Panel 4: Increasing funding and expanding capacity for TB research

Mark Harrington of TAG chaired this session and Mercedes Becerra of Harvard Medical School was the discussant. Elsa Villarino presented the work of the Tuberculosis Trials Consortium (TBTC) which with a limited budget has carried out a wide range of work. She also gave a brief history of TB clinical trials from 1947 until present. TBTC is running trials in several countries. The goal is to find TB regimens that are shorter, safer and more effective. Examples of current and recent trials include: safety of linezolid 600mg in patients with MDR-TB, substitution of rifampin with rifapentine in the induction phase of treatment and substitution of isoniazid with moxifloxacin in the induction phase.
Claudia Giehl of the European Network for Global Cooperation in the Field of AIDS & TB explained the 7th Framework Programme (FP7) of the EU, a €53 billion mechanism running from 2007 to 2013 whose purposes include funding health research. She described the grant allocations of FP7 and made suggestions for how TB projects could access funding from it.

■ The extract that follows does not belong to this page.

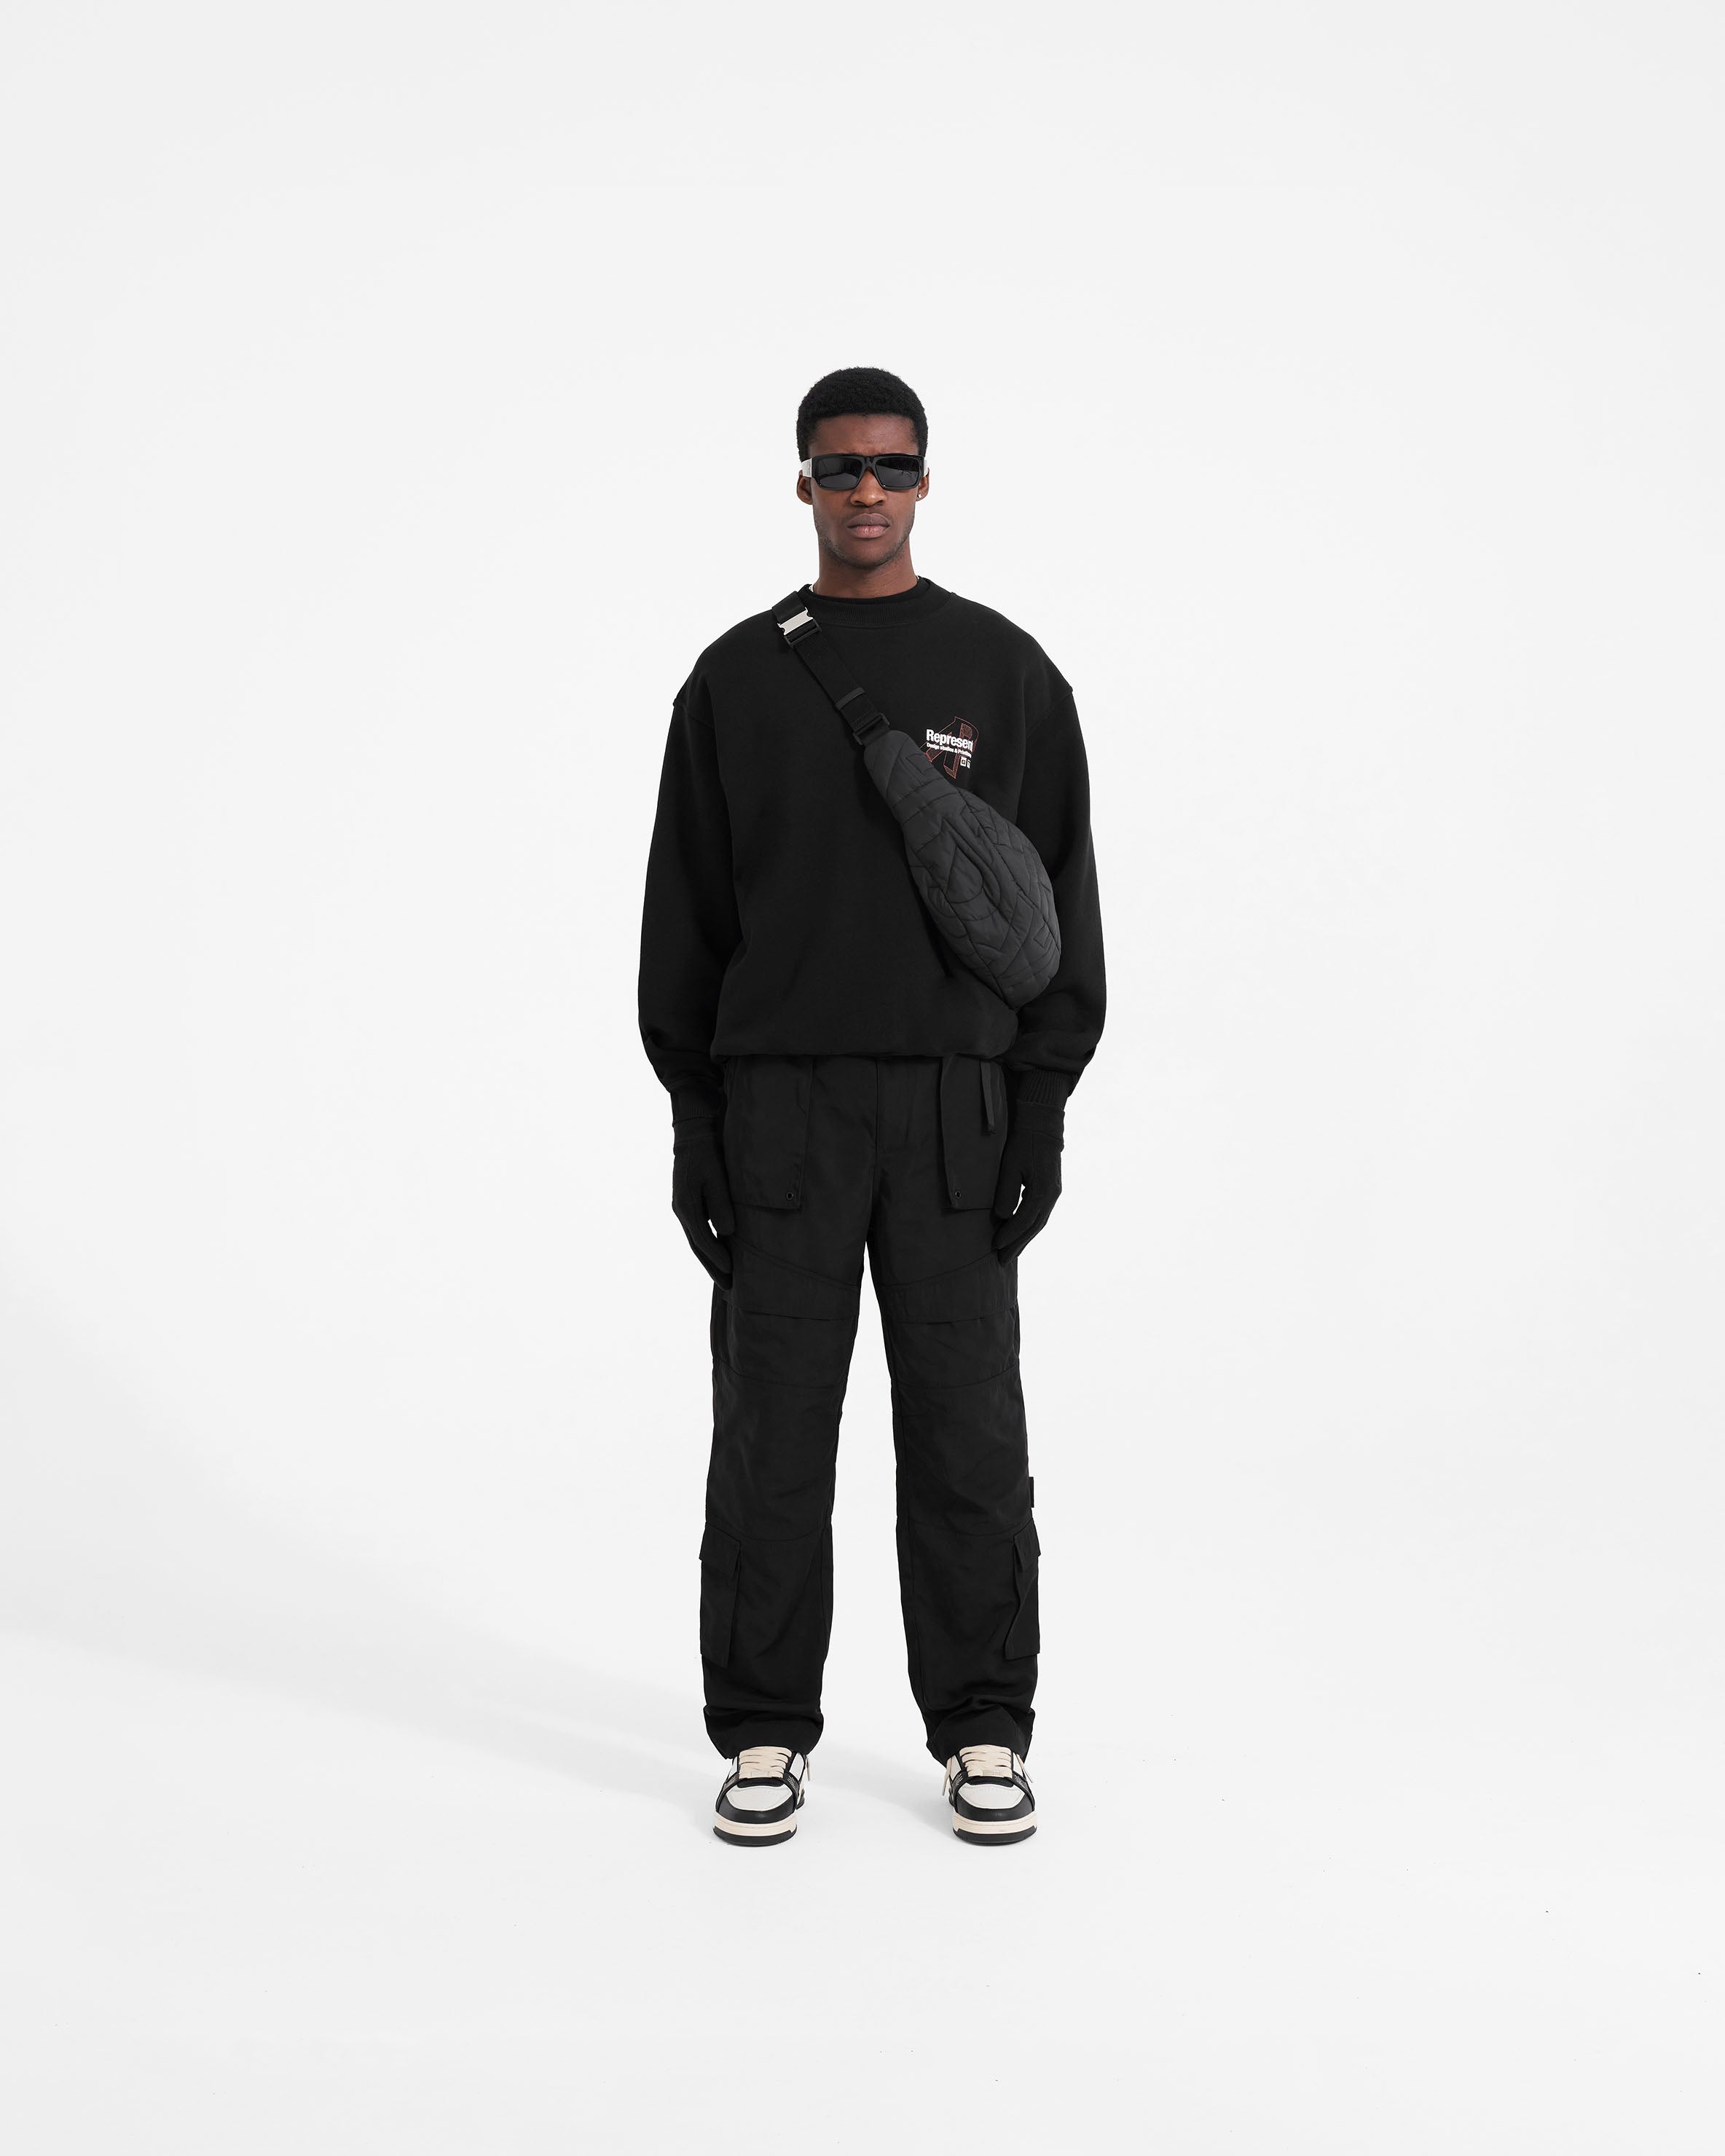 Design Studios Sweater - Black

Christine Sizemore, Chief, TB, Leprosy and Other Mycobacterial Diseases Section of NIAID, described the institution’s TB funding strategy. She noted that NIH and NIAID funding had increased through the 1990s but dropped in 2008. She explained that most funding goes to basic/fundamental research. The further in the research and development cycle towards new products, the more other institutions and partners are needed for funding. She also explained that a substantial amount of projects that they fund were unsolicited. They usually fund for five years, but sometimes as long as seven and sometimes as little as two.

A lively discussion ensued on how to increase TB funding. There was consensus amongst speakers that positive messages and successes need to be stressed. There is also a need to tap into the growing number of public health students in the US to get them involved in TB. A next step of bringing lead funders of TB research and development was proposed. There is a need for funders to examine their portfolios, identify and co-ordinate funds for overlapping research priorities while also identifying gaps in funding and how these can be addressed.

This concluded an event that was packed with excellent presentations and useful discussions.